Loader (bidirectional) - for IncrementalOut or symmetric I/O:

python

@dataclasses.dataclass(frozen=True)
class NPY(Loader[np.ndarray, np.ndarray]):
    def load(self, path: pathlib.Path) -> np.ndarray:
        return np.load(path)

    def save(self, data: np.ndarray, path: pathlib.Path) -> None:
        np.save(path, data)

    def empty(self) -> np.ndarray:  # Required for IncrementalOut
        return np.array([])

Rules:

•Use @dataclasses.dataclass(frozen=True) for immutability and pickling
•Loaders must be module-level classes (not closures)
•Implement empty() only if the loader will be used with IncrementalOut

StageParams Defaults

Pydantic deep-copies all defaults (lists, dicts, nested models, TypedDicts). Never use default_factory for mutable defaults — use plain values:

python

# WRONG — unnecessary complexity
class MyParams(StageParams):
    exclude: list[str] = pydantic.Field(default_factory=list)
    styling: dict[str, Any] = pydantic.Field(default_factory=dict)
    percents: list[int] = pydantic.Field(default_factory=lambda: [50, 80])
    plots: PlotParams = pydantic.Field(default_factory=PlotParams)
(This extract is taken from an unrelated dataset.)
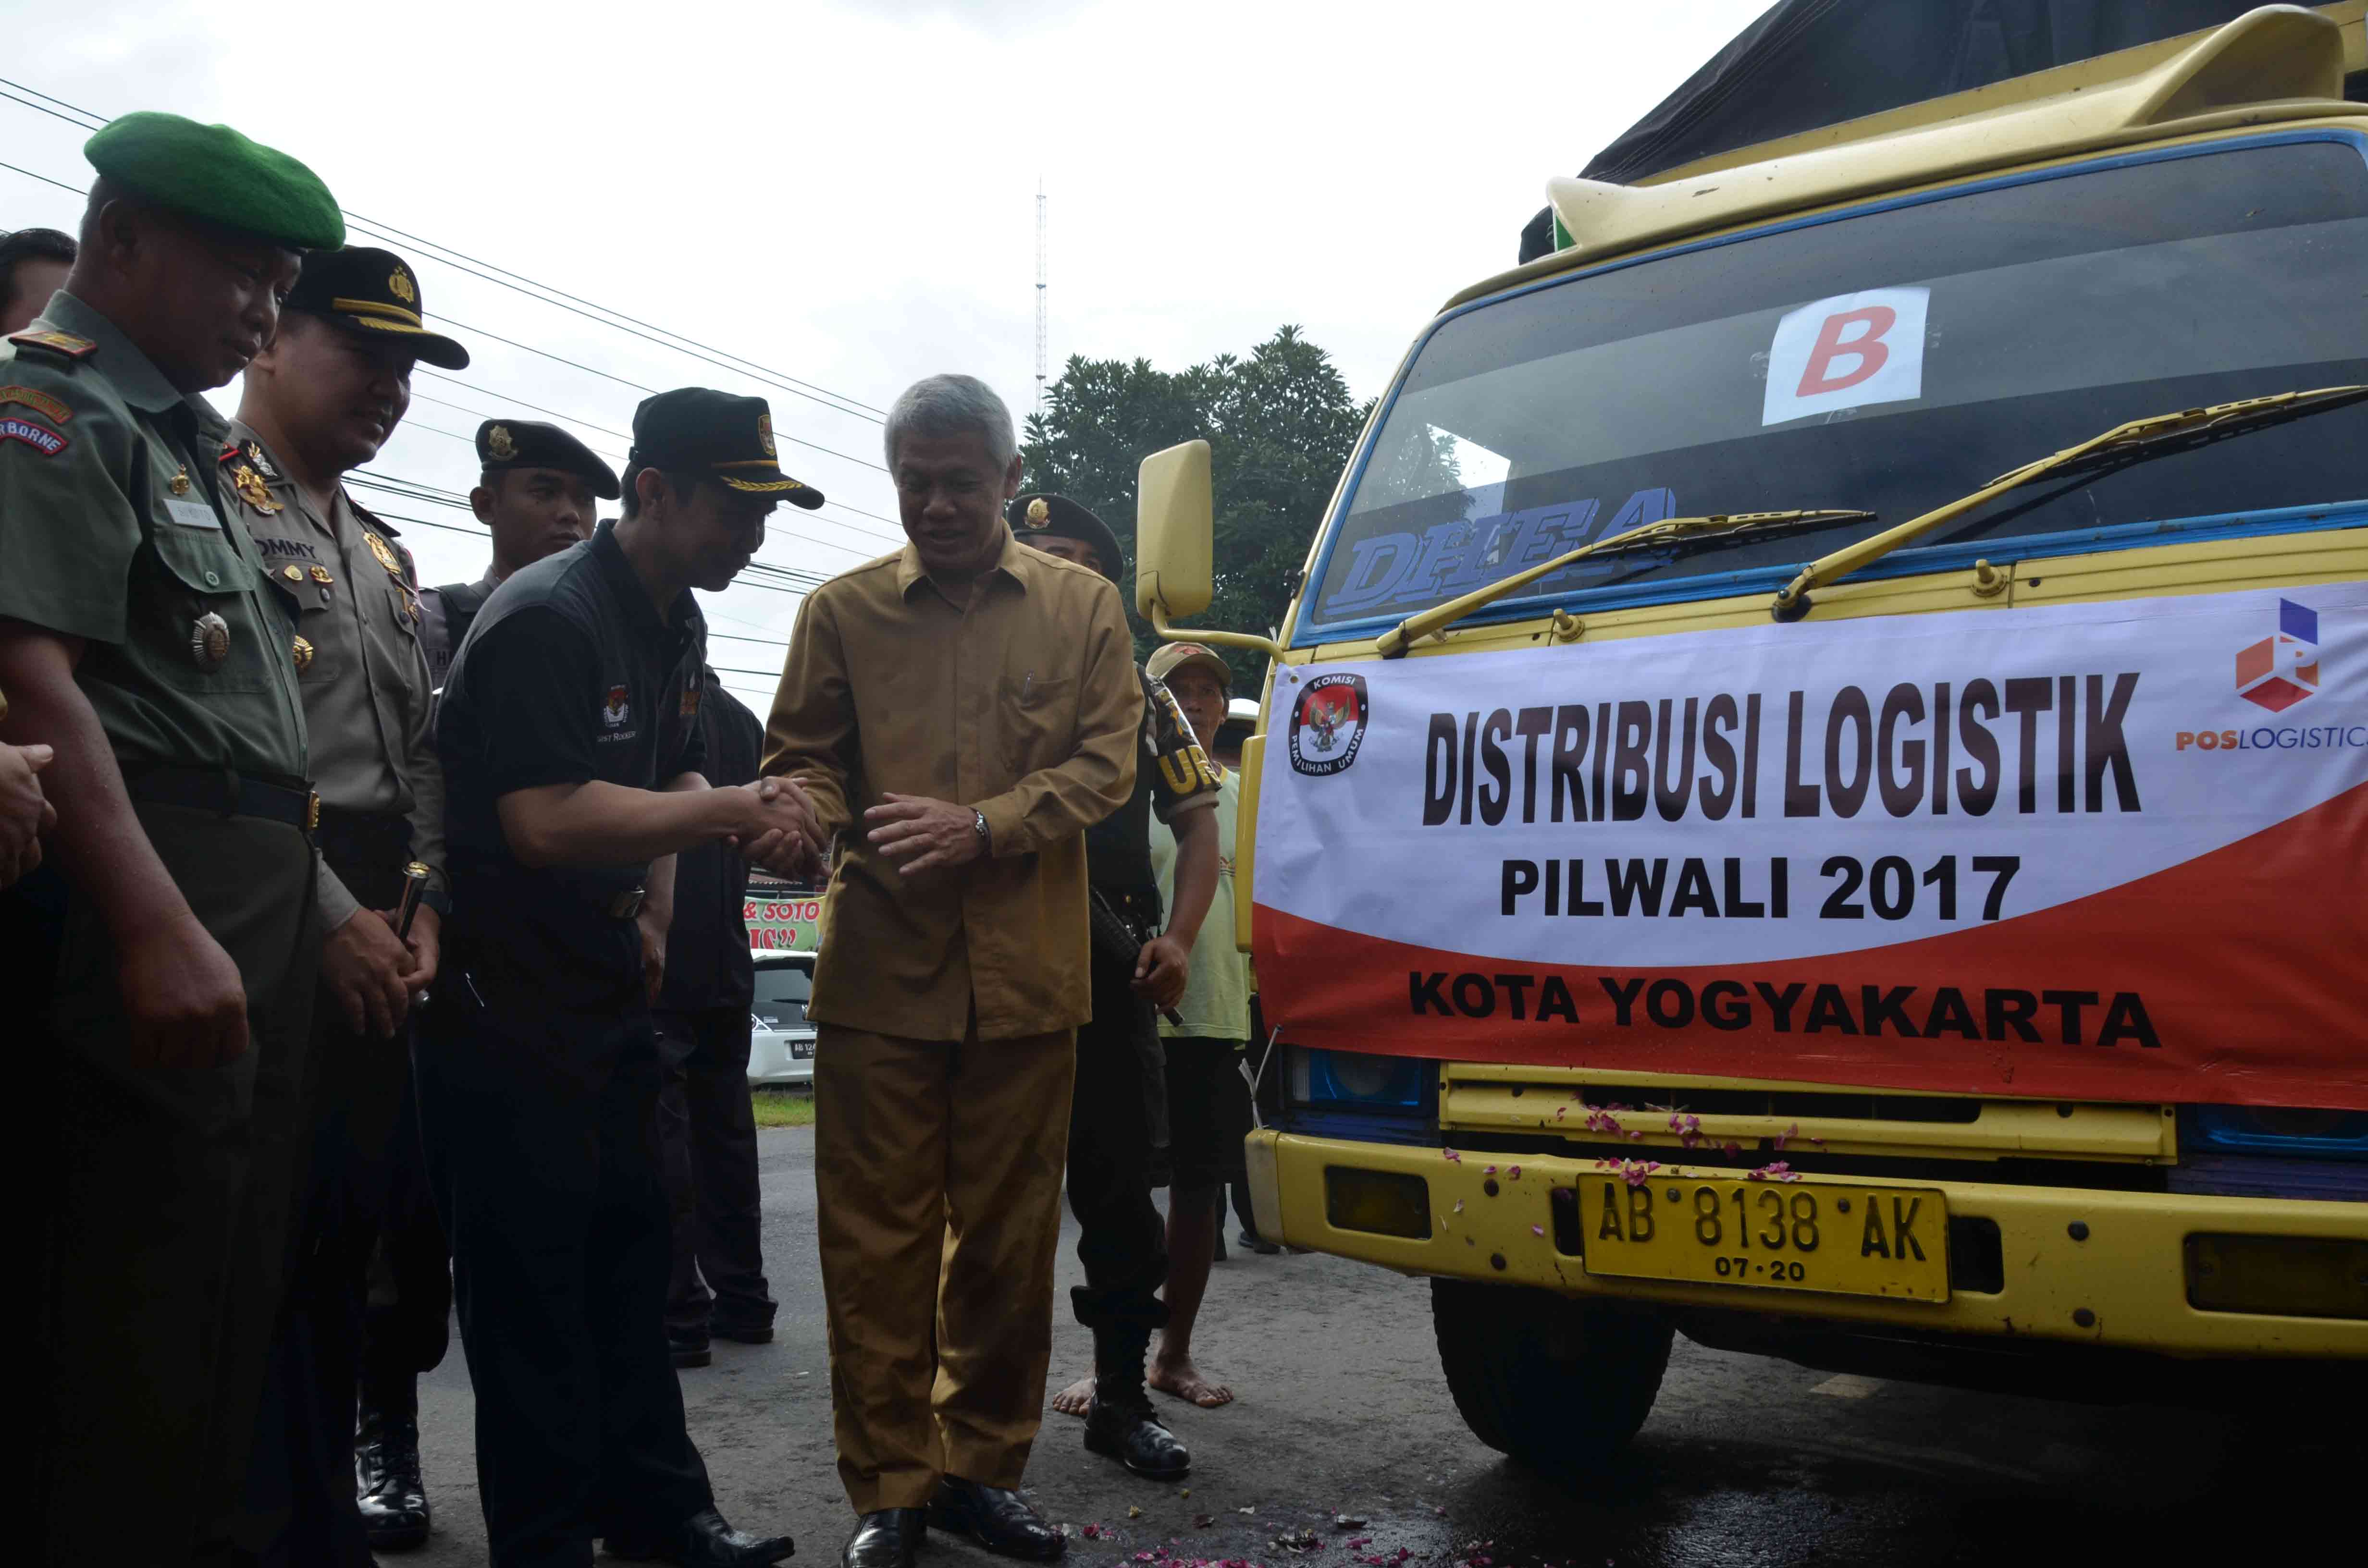 KPU Kota Yogya Launching Distribusi Logistik Pilwali 2017

# CORRECT — Pydantic handles all of these safely
class MyParams(StageParams):
    exclude: list[str] = []
    styling: dict[str, Any] = {}
    percents: list[int] = [50, 80]
    plots: PlotParams = PlotParams()

Only use pydantic.Field() when you need its features (alias, description, ge, etc.), not just for defaults.

Critical Rules

•All paths relative to project root — not relative to stage file
•No manual file I/O — no pd.read_csv(), to_csv(), open() in stage body
•File paths in annotations, not params — StageParams for config only
•No default_factory for mutable defaults — Pydantic deep-copies; use = [], = {}, = Model() directly
•Stages must be module-level functions — lambdas/closures fail pickling
•TypedDict outputs must be module-level — not defined inside functions

Running Stages

bash

pivot repro                  # Run entire pipeline (DAG-aware)
pivot repro my_stage         # Run my_stage AND all dependencies
pivot repro --dry-run        # Validate DAG without executing

pivot run my_stage           # Run ONLY my_stage (no dependency resolution)

Pipeline Composition

Include stages from sub-pipelines while preserving their state directories:

python

# Define sub-pipeline
preprocessing = Pipeline("preprocessing")
preprocessing.register(clean_data, name="clean")
preprocessing.register(normalize, name="normalize")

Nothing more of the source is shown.